Anthropic, OpenAI, Google (Gemini), xAI (Grok), Moonshot (Kimi). Each model can be tested from the Settings page before running games.
- Player count: 5-20 (varies by game)
- Model per faction: pit any model against any other
- Discussion rounds: 1 (fast), 2 (default), 3 (thorough)
- Battle mode: run multiple games with swapped factions for fair comparison
- Enable thoughts: private reasoning before public statements
core/
game-runner.js Orchestrator (pause/resume/stop, periodic saves)

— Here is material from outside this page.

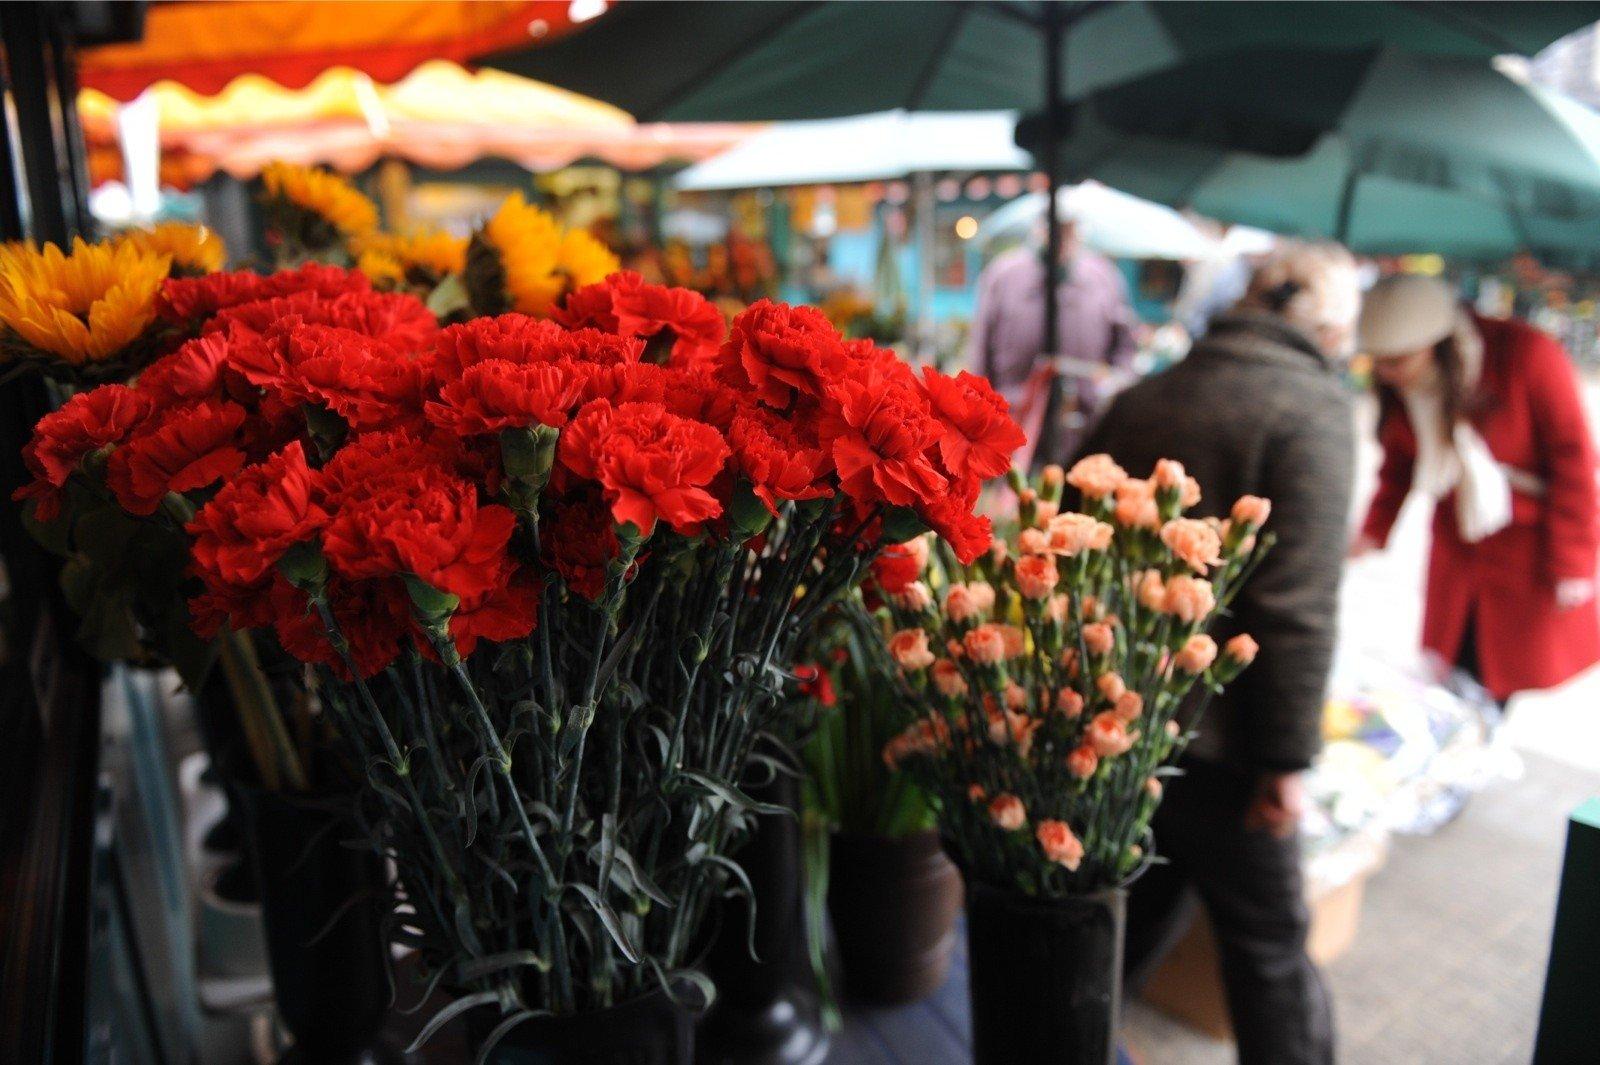 c6f162b595fb83 Kwiaty są być może nieco sztampowe, jednak stanowią bardzo bezpieczny  prezent, gdyż niemal wszystkie

llm-client.js Multi-provider LLM client, token tracking, prompt caching
games/
werewolf/ Engine + prompts + plugin
two-rooms/ Engine + prompts + plugin
secret-dictator/ Engine + prompts + plugin
server/
index.js Express 5 API + SSE streaming
db.js SQLite + migrations
elo.js ELO ratings (K=32, base 1500)
token-stats.js Token usage analytics
client/ Vue 3 + Vite SPA
src/views/ About, Dashboard, Game, NewGame, Stats, Settings
src/components/ LiveFeed, StatusBar, RoundCards, PlayerChip, EloTable
scripts/
generate-static.js Export saved games as a static site (no backend needed)

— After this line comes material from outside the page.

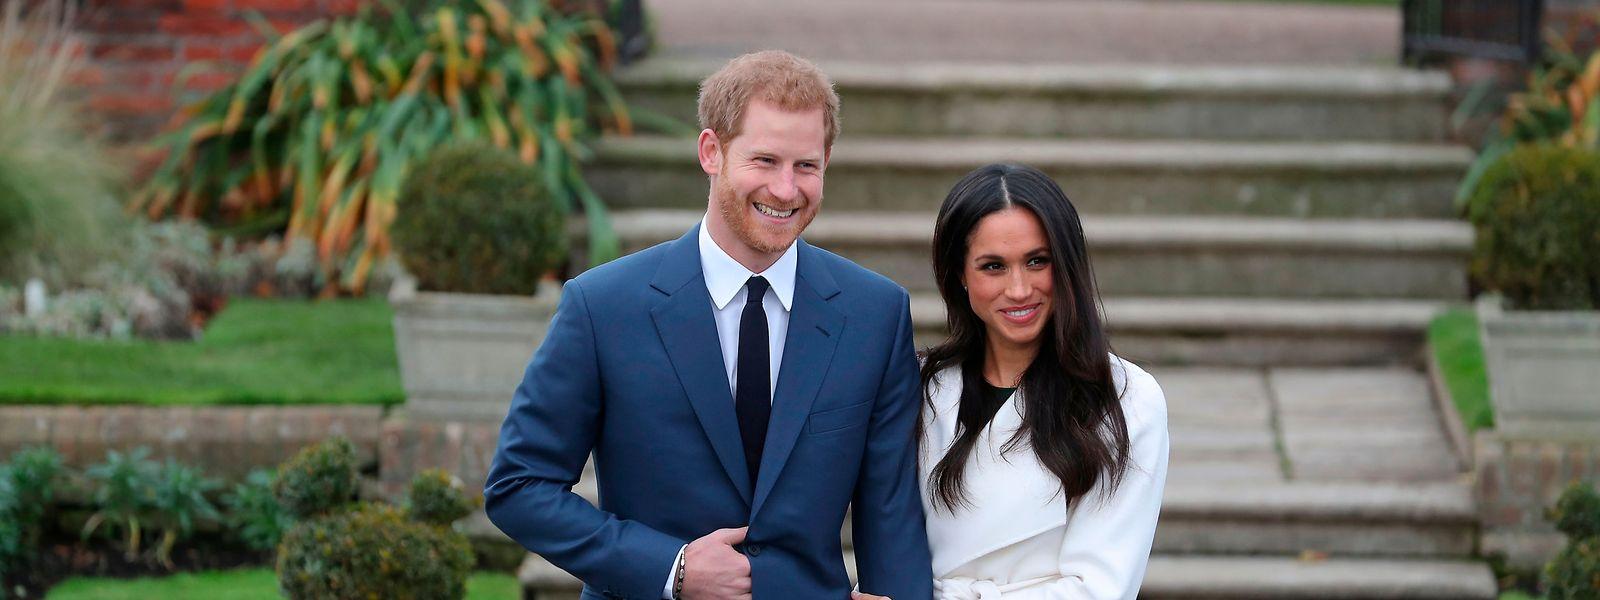 Le prince Harry et son épouse Meghan avaient évoqué ouvertement leur difficulté à vivre la pression médiatique.

deploy-static.sh Generate + deploy via SFTP
Each game exports a standard interface: setup(), getCurrentPhase(), isOver(), getDisplayState(). Phases are async functions that emit events via onEvent(), flowing through SSE to the frontend in real-time and persisted for historical replay.
Save your best games (star button on the dashboard), then generate a fully static site:
node scripts/generate-static.js # exports saved games + pre-computed stats
./scripts/deploy-static.sh # generate + deploy via SFTPThe static site has the same UI but no backend: all data is pre-generated JSON. Stats, ELO, and token usage are included. Deployable anywhere (OVH, GitHub Pages, Netlify).
- Simultaneous voting and actions (
Promise.all) - Rebuttals only for mentioned players
- Historical context compression: recent rounds in full, older rounds summarized
- Prompt caching via provider APIs
- Thoughts optional and off by default
Per-model ratings (K=32, base 1500) with per-role breakdown (wolf ELO, villager ELO, etc.). Updated after each game based on expected vs. actual outcome.
Watch full game replays on the live showcase:
- Two Rooms: Claude Opus vs GPT-5: Blue win. Shows how LLMs handle verified card sharing vs. unverifiable verbal claims. (annotated transcript)
- Werewolf: Claude Opus vs GPT-5: Villager win. Wolves eliminated despite early coordination. (annotated transcript)
- Werewolf: Gemini 2.5 Pro vs Claude Opus: Wolf win in 2 rounds. Opus wolves reach parity before the village can react.
See also the benchmark plan for the full round-robin protocol (5 frontier models, 3 games, 300 matches). For curated highlights of LLM blunders and brilliant plays, check the notable moments.
NEVER delete data/games.db. All games, logs, stats, ELO, and token usage live there. Schema auto-creates on first run; changes are migrations only.
Node.js, Express 5, SQLite (better-sqlite3), Vue 3, Vite. Multi-provider LLM support (Anthropic SDK, OpenAI SDK, Google GenAI SDK).
- Foaster.ai Werewolf Bench: Werewolf benchmark for LLMs. Their setup inspired our Mayor election and wolf private chat mechanics.
- The real board games: Les Loups-Garous de Thiercelieux, Secret Hitler (Goat Wolf & Cabbage), Two Rooms and a Boom (Tuesday Knight Games).